Exercise directions:
From the records below, please repeat exactly the line that has "Fototour durch das", the line that has "Solar_spectrum_fr_svg.png.baa9c5fb2703fad99972b5e082e69469.png", and every line between them, and nothing else.

Available data:
○ ○ ○

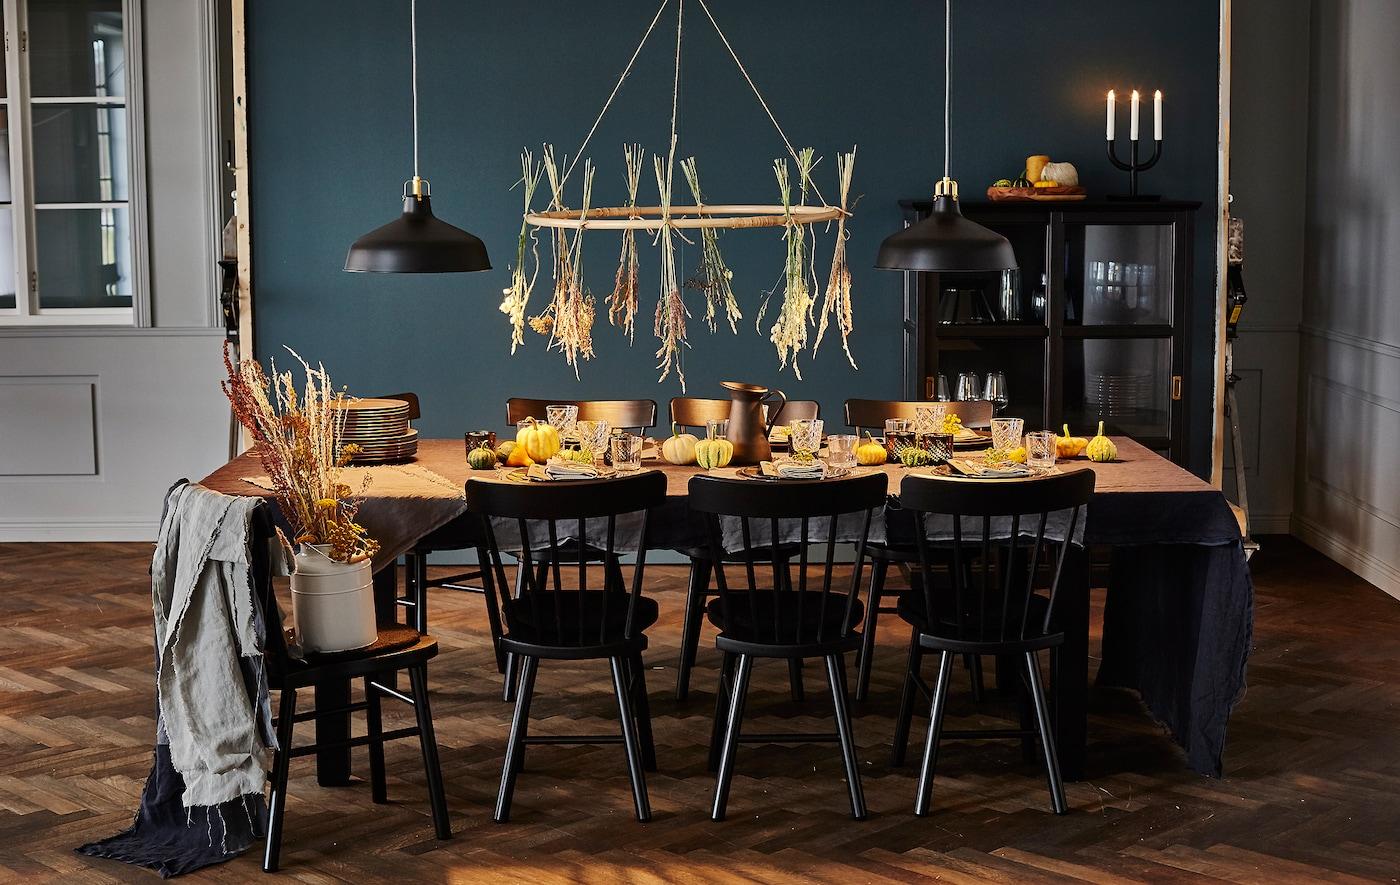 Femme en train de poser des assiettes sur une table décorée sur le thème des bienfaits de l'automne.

○ ○ ○

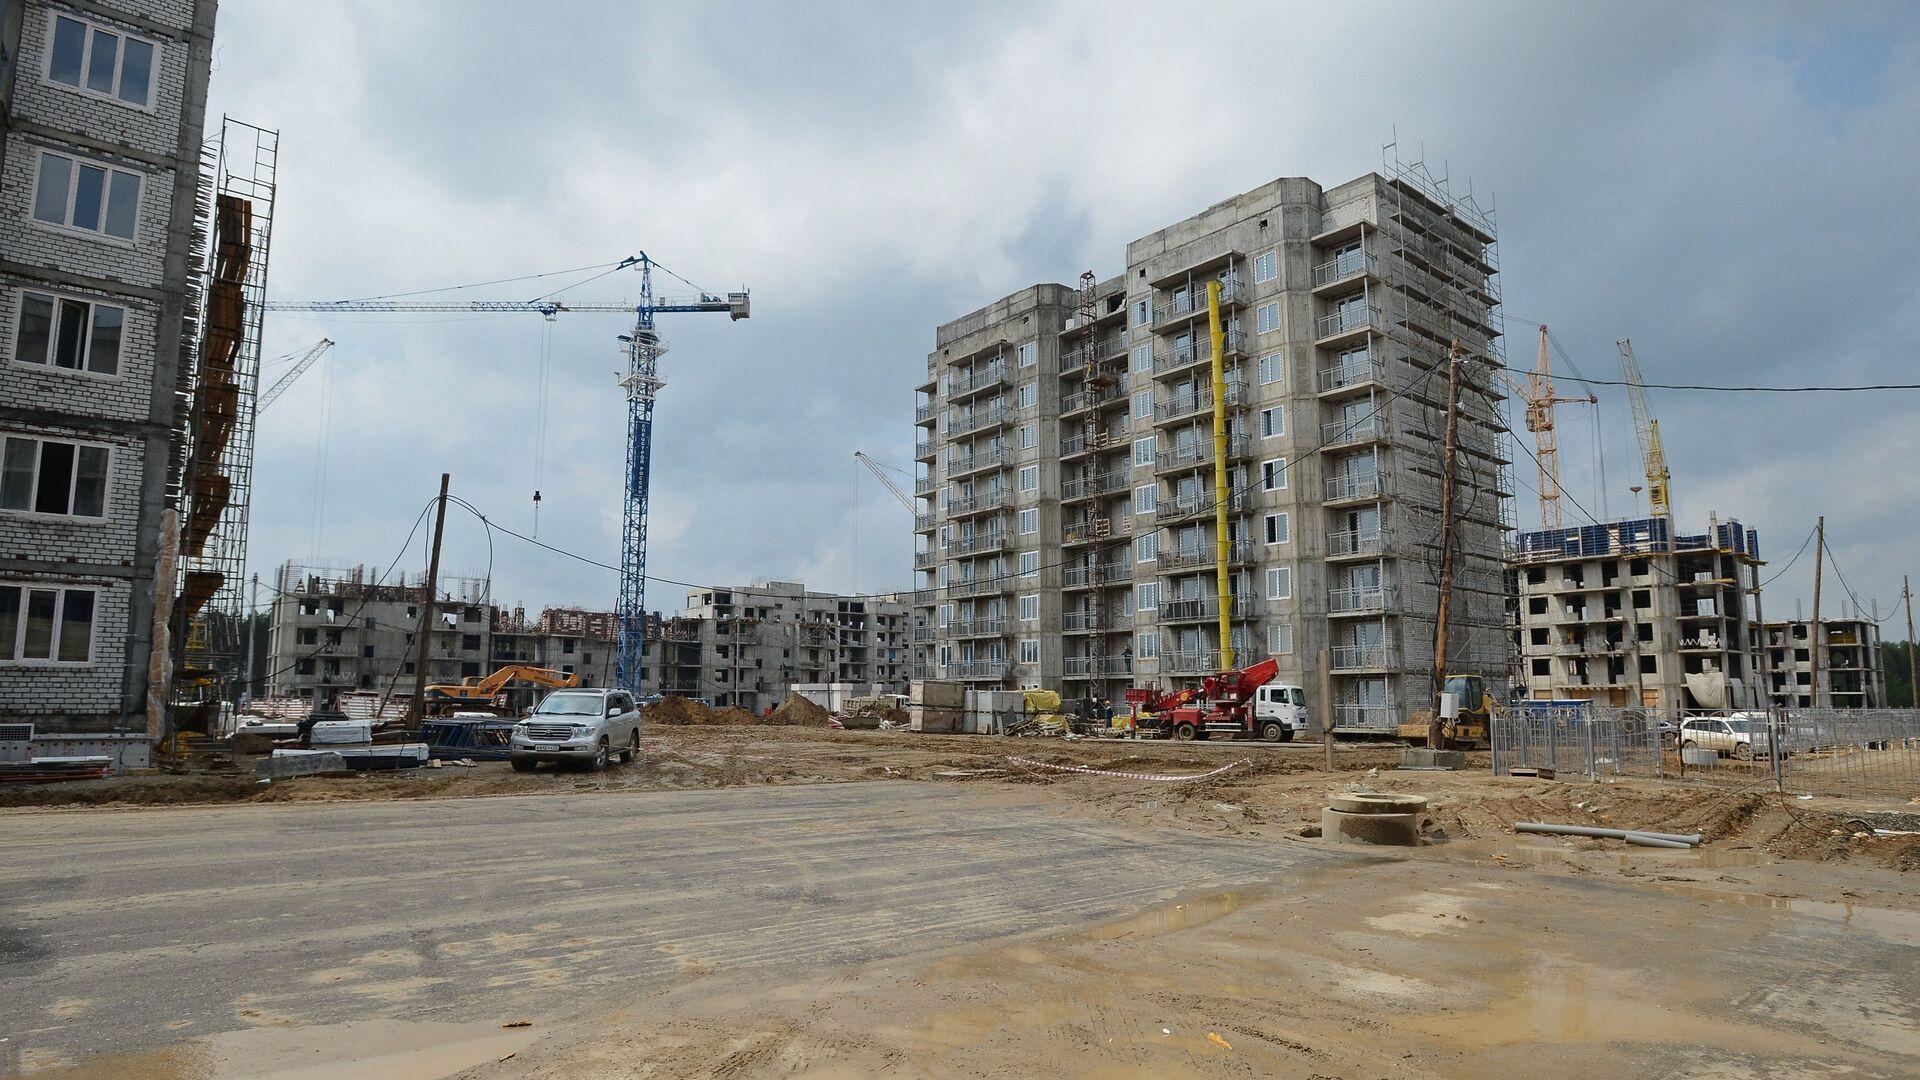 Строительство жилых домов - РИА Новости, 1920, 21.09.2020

○ ○ ○

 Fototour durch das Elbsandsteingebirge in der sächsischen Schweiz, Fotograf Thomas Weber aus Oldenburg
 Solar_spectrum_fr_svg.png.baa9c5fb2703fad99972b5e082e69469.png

○ ○ ○

Response:
 Fototour durch das Elbsandsteingebirge in der sächsischen Schweiz, Fotograf Thomas Weber aus Oldenburg
 Solar_spectrum_fr_svg.png.baa9c5fb2703fad99972b5e082e69469.png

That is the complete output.